Istrian olm

Scientific classification
- Kingdom: Animalia
- Phylum: Chordata
- Class: Amphibia
- Order: Urodela
- Family: Proteidae
- Genus: Proteus
- Species: P. ikae
- Binomial name: Proteus ikae Jelić, Dufresnes and Jablonski, 2026

= Istrian olm =

- Genus: Proteus
- Species: ikae
- Authority: Jelić, Dufresnes and Jablonski, 2026

Species of amphibian

The Istrian olm (Proteus ikae) is a species of the olm consisting of several populations found in the deep karst aquifers of the Istrian peninsula. Its lineage was the first among the olm to diverge, beginning around 16 million years ago. It was first described as an individual species by Dušan Jelić, Christophe Dufresnes and Daniel Jablonski in 2026. The Istrian olm population "substantially differs" from others in the genus, featuring an "elongated, narrow snout, limited gills, short tail as well as weakly spaced but longer limbs".

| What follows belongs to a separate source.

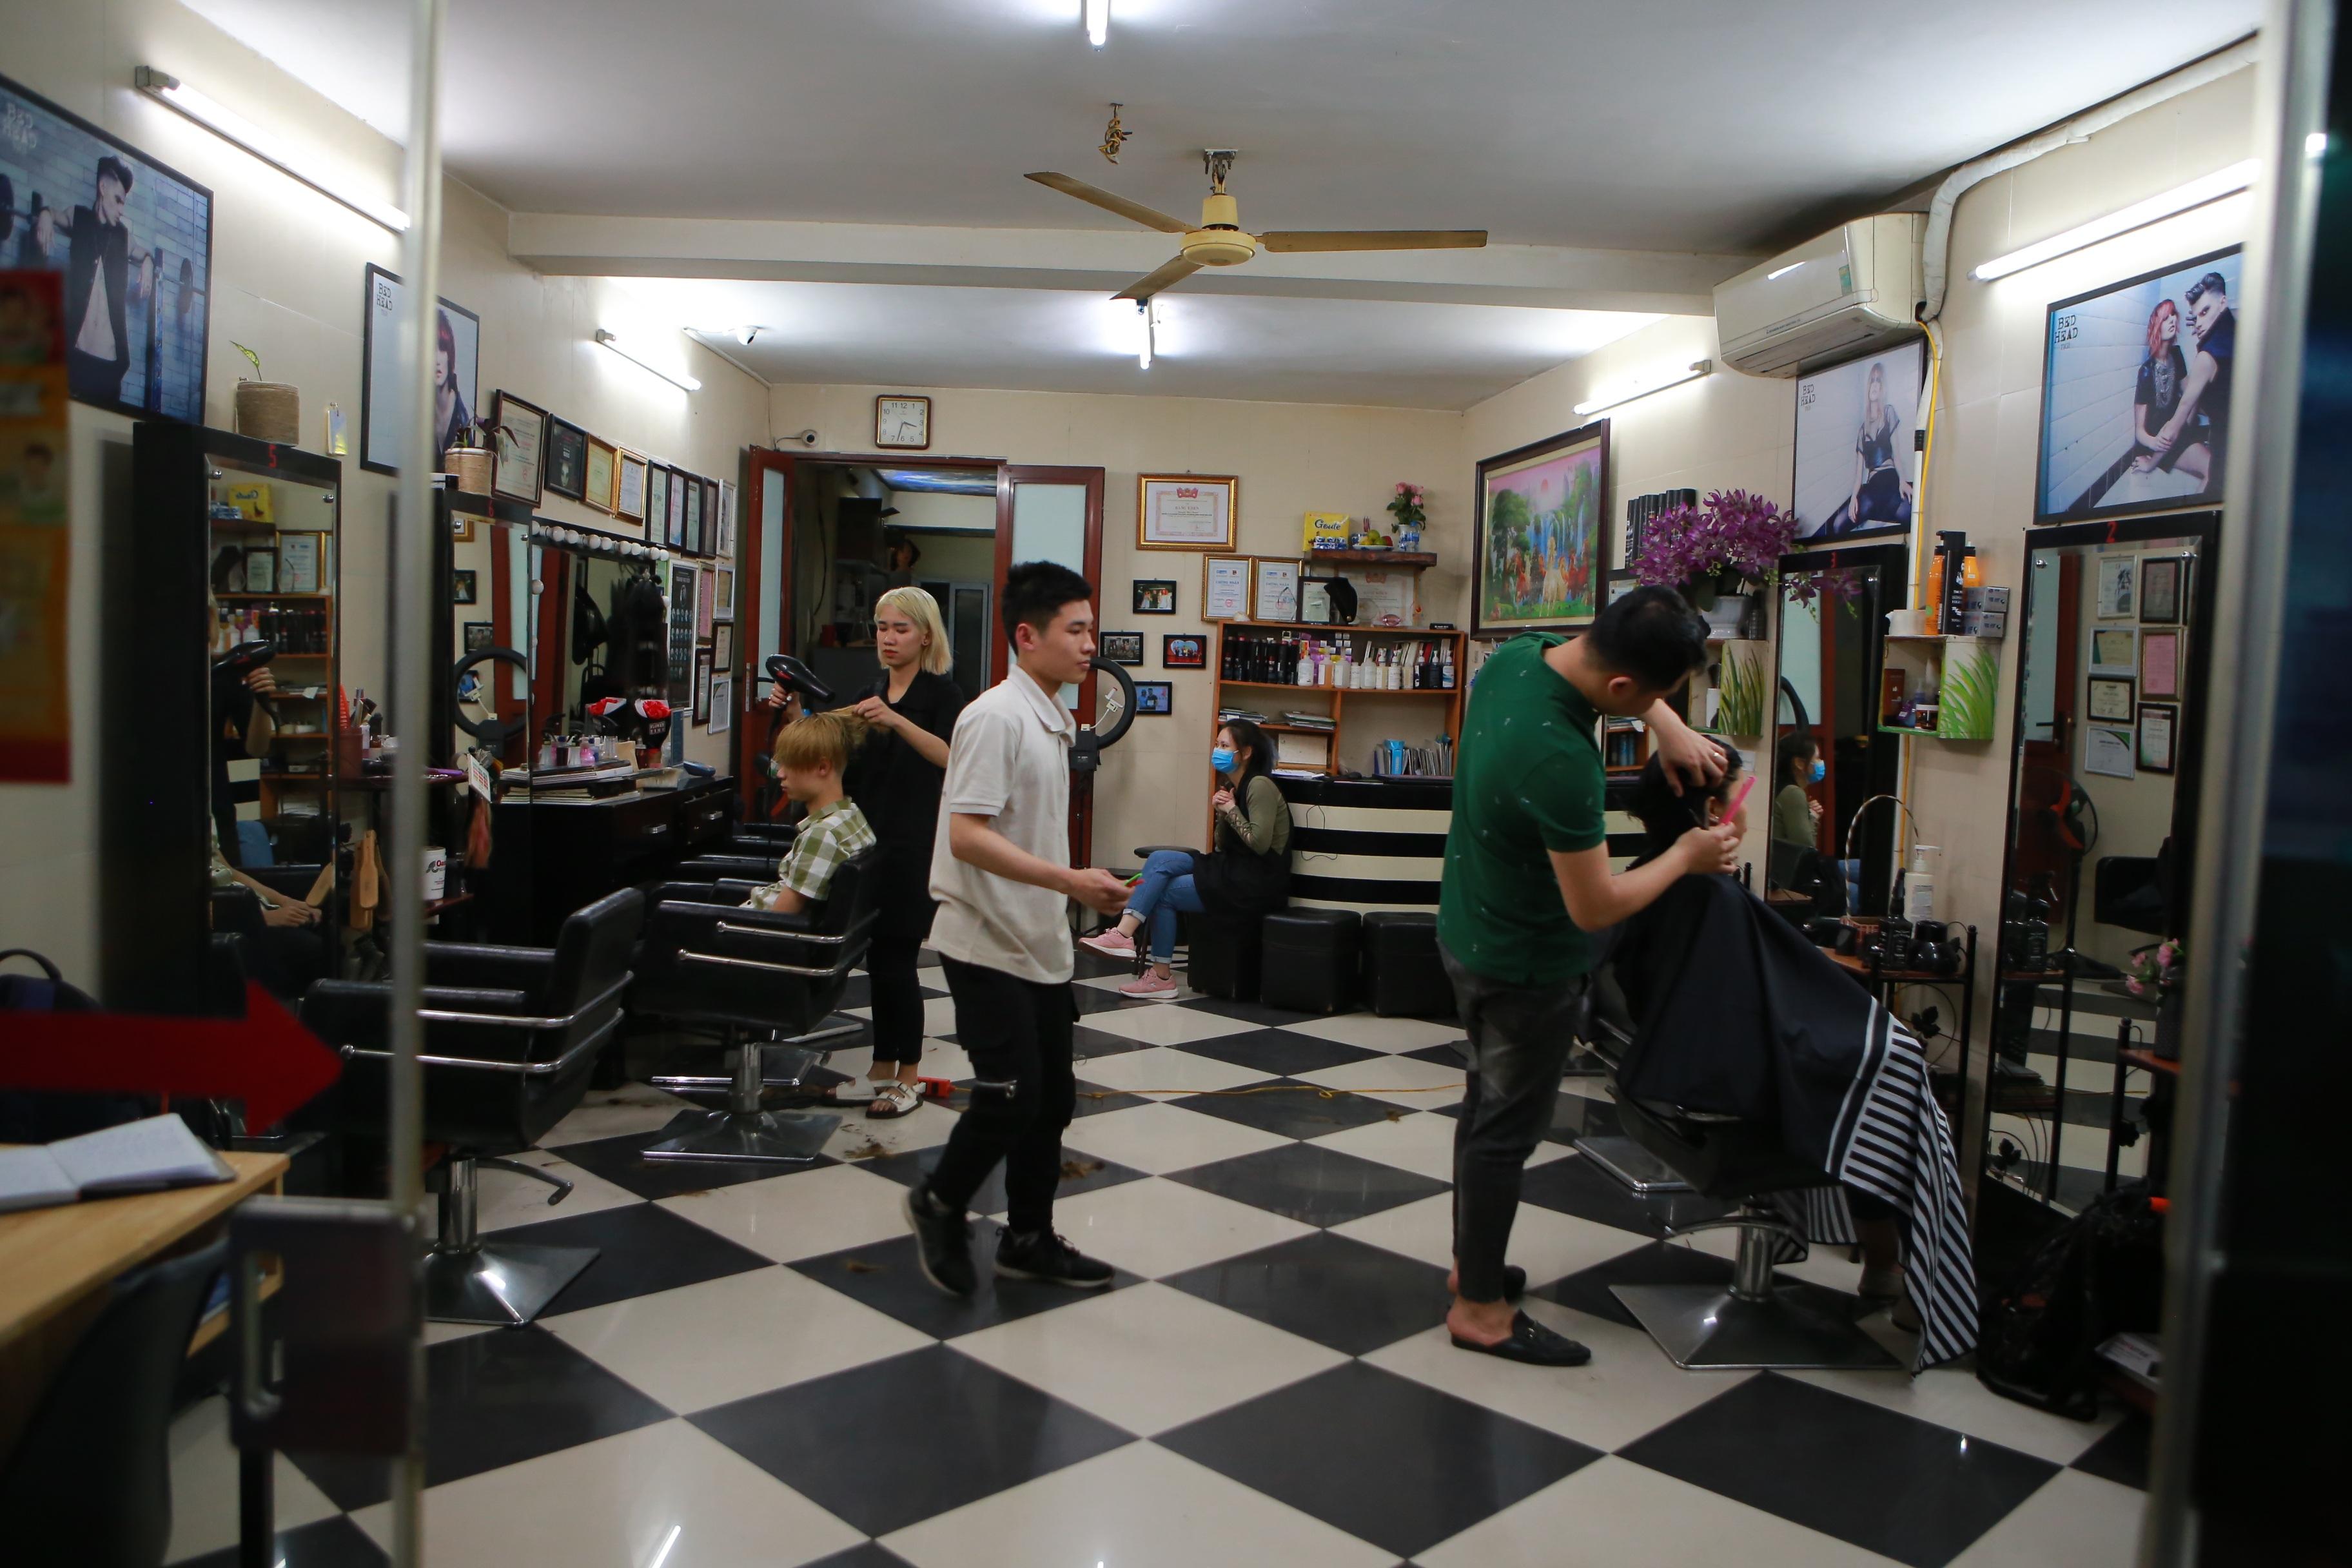 Chàng trai khiếm thính dạy cắt tóc miễn phí cho người khuyết tật ở Hà Nội - 1

It is known to populate a total of six localities in Istria, and has been provisionally described as endangered according to criteria of the IUCN.

== Etymology ==
Proteus ikae was named after Ika, a deity of springs and water whose worship by the Histri and the Liburni is evidenced by inscriptions from the village of Plomin and city of Pula.

== Habitats and conservation ==
The Istrian olm was historically found in six localities in Istria. According to Dušan Jelić, one of these localities is home to around 500 individuals, while the remaining five localities have "much smaller" populations. The Istrian olm's habitats are deep aquifer systems, limestone caves with "conspicuous yellow to reddish clay and mud deposits". One of these habitats, discovered in 2024, is the Nimfej water spring located near the Pula Arena. Others include the Baredine Cave, Raša, the Gradole spring, and Pincinova Cave.

As of 2026, the presence of the Istrian olm can no longer be confirmed in more than half of the historically researched localities. Jelić attributes this to factors such as pollution, salination due to rising sea levels, and the practice of filling in water wells. The water levels in the amphibian's habitats have also been dropping, most significantly due to increased freshwater demand from the public supply system, as well as tourism.

The olm is a Natura 2000 protected species in the European Union. Despite this, only three Istrian olm populations are being actively monitored, and on a volunteer basis, due to a lack of financial support from the government and local authorities. The monitoring project is primarily funded by international project funds and donations.